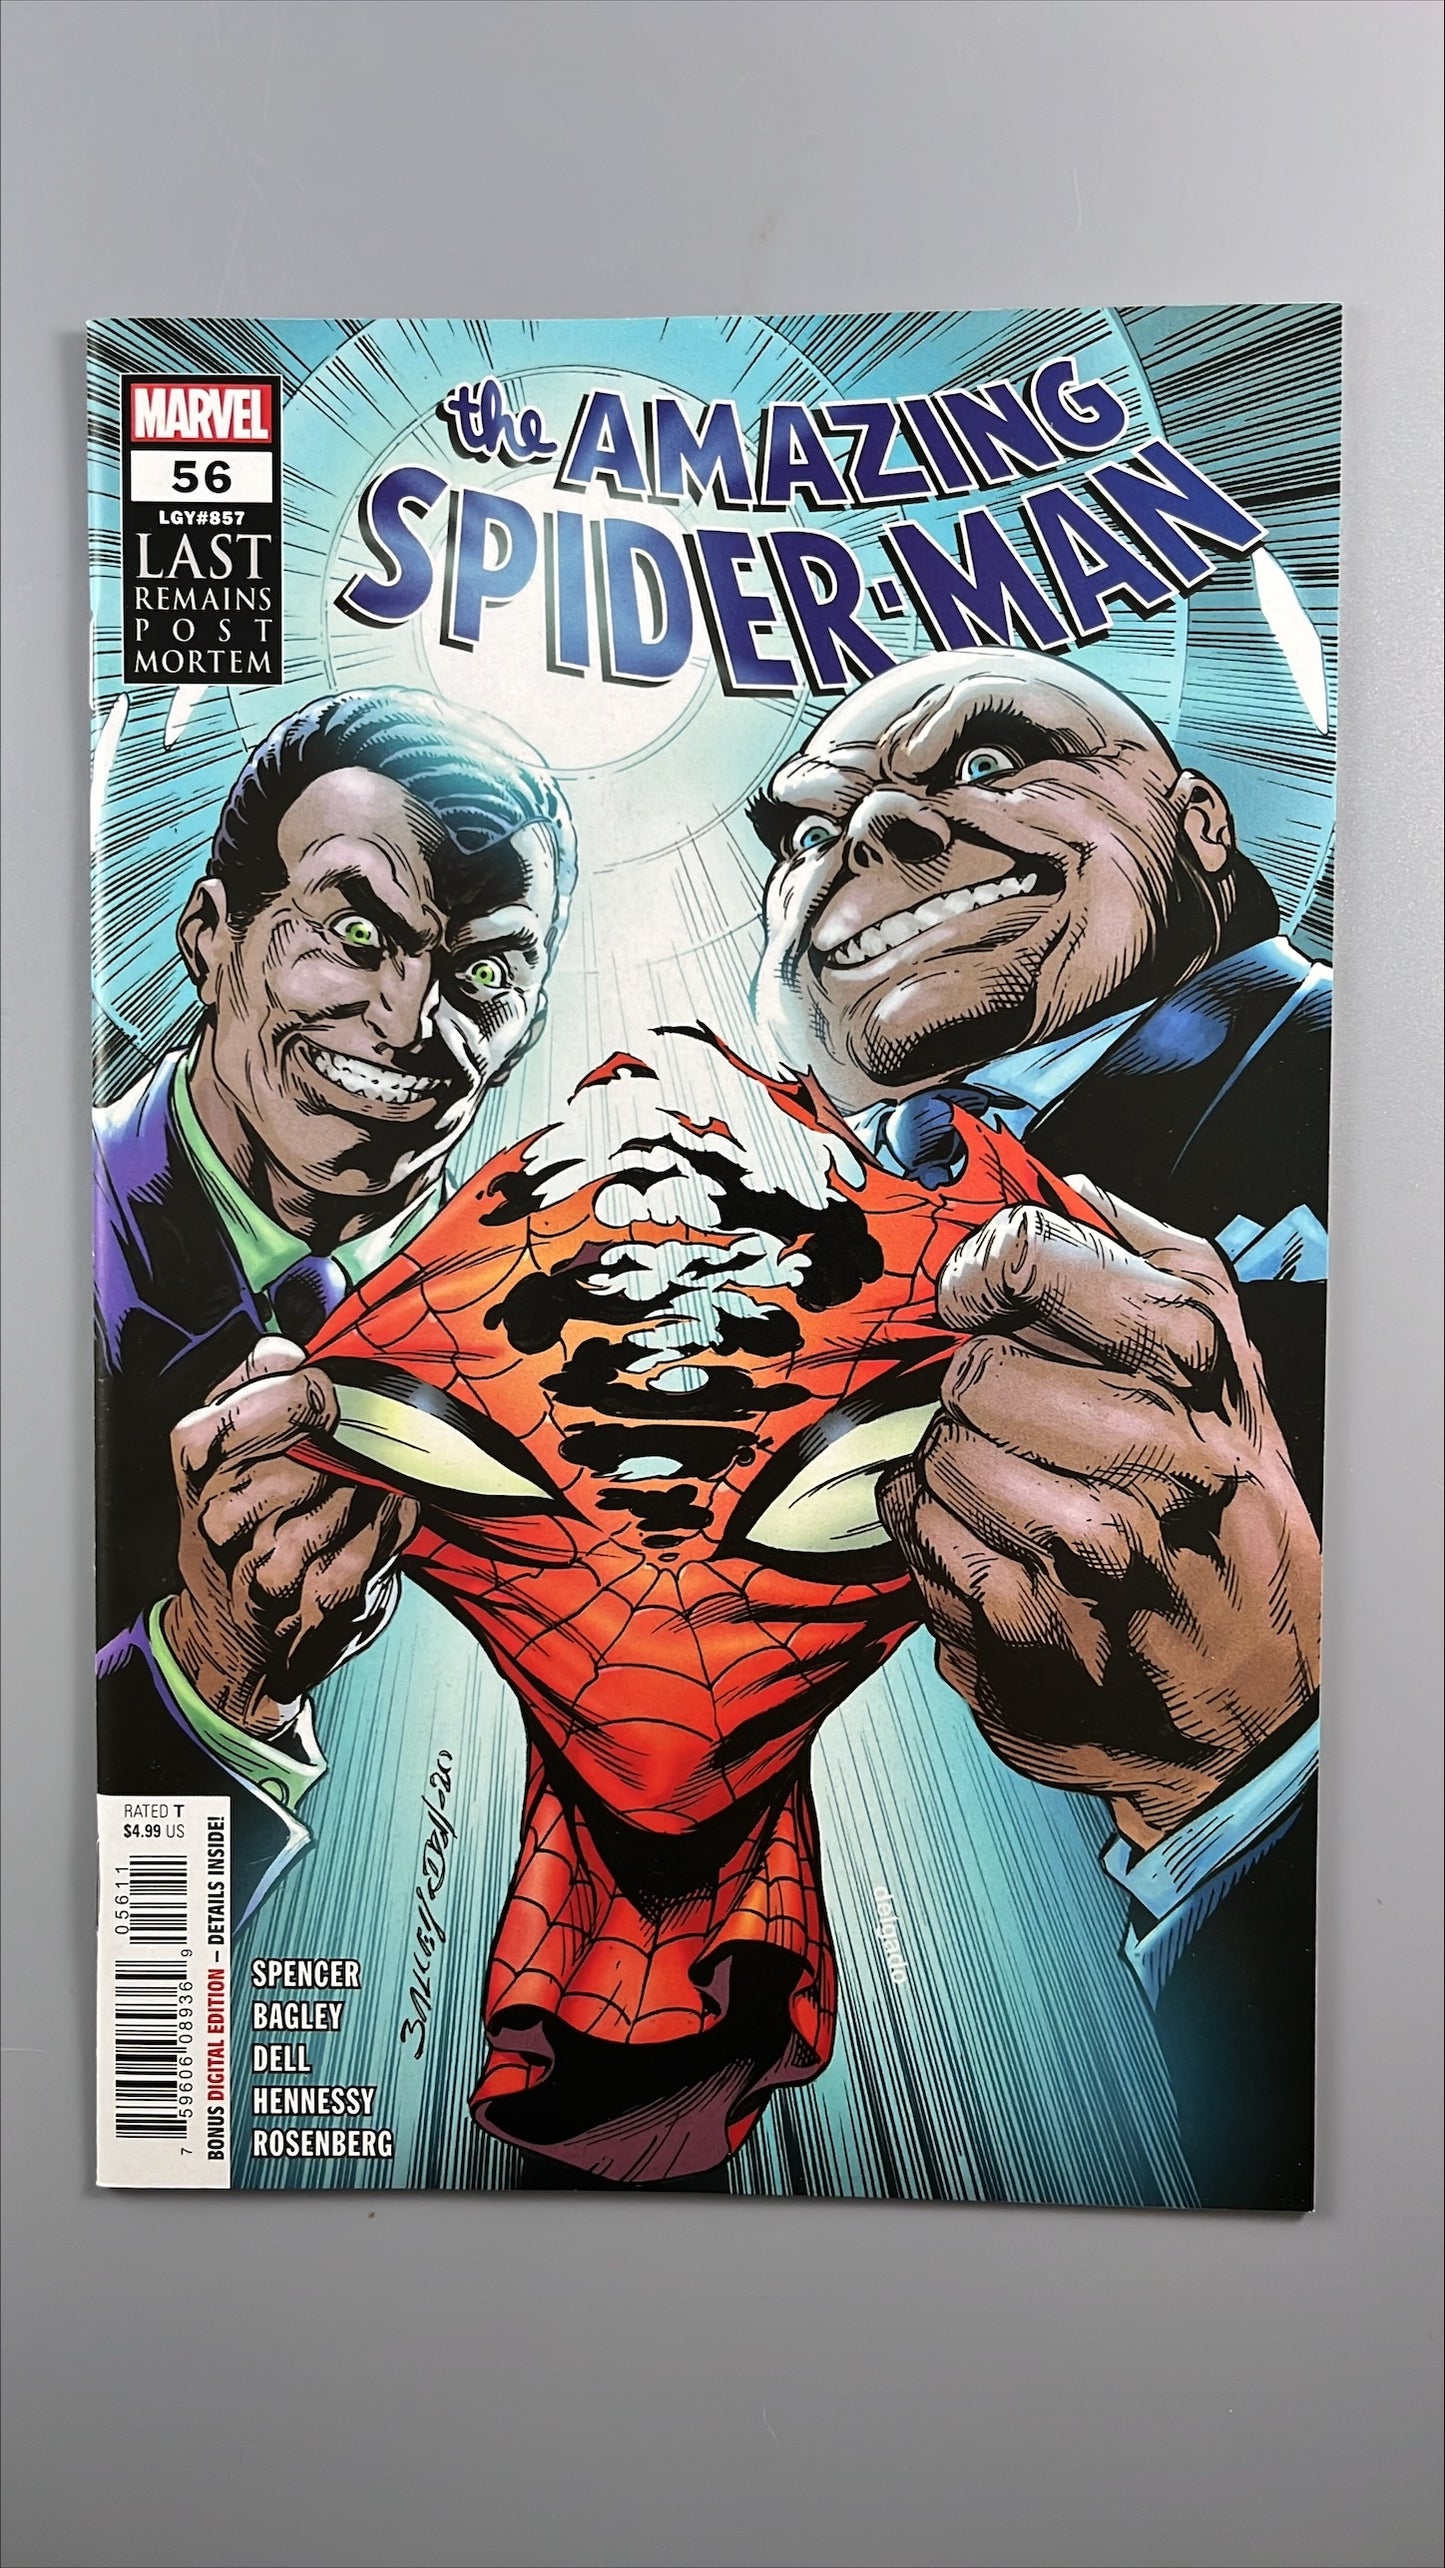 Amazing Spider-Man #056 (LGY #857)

==

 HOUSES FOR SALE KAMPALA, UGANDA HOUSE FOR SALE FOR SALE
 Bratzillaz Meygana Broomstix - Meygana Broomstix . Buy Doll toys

## What is needed
Give back precisely the lines above that start at the line containing "HOUSES FOR SALE" and end at the line containing "Bratzillaz Meygana Broomstix", inclusive. No other lines belong in the output.

## Response to the exercise
 HOUSES FOR SALE KAMPALA, UGANDA HOUSE FOR SALE FOR SALE
 Bratzillaz Meygana Broomstix - Meygana Broomstix . Buy Doll toys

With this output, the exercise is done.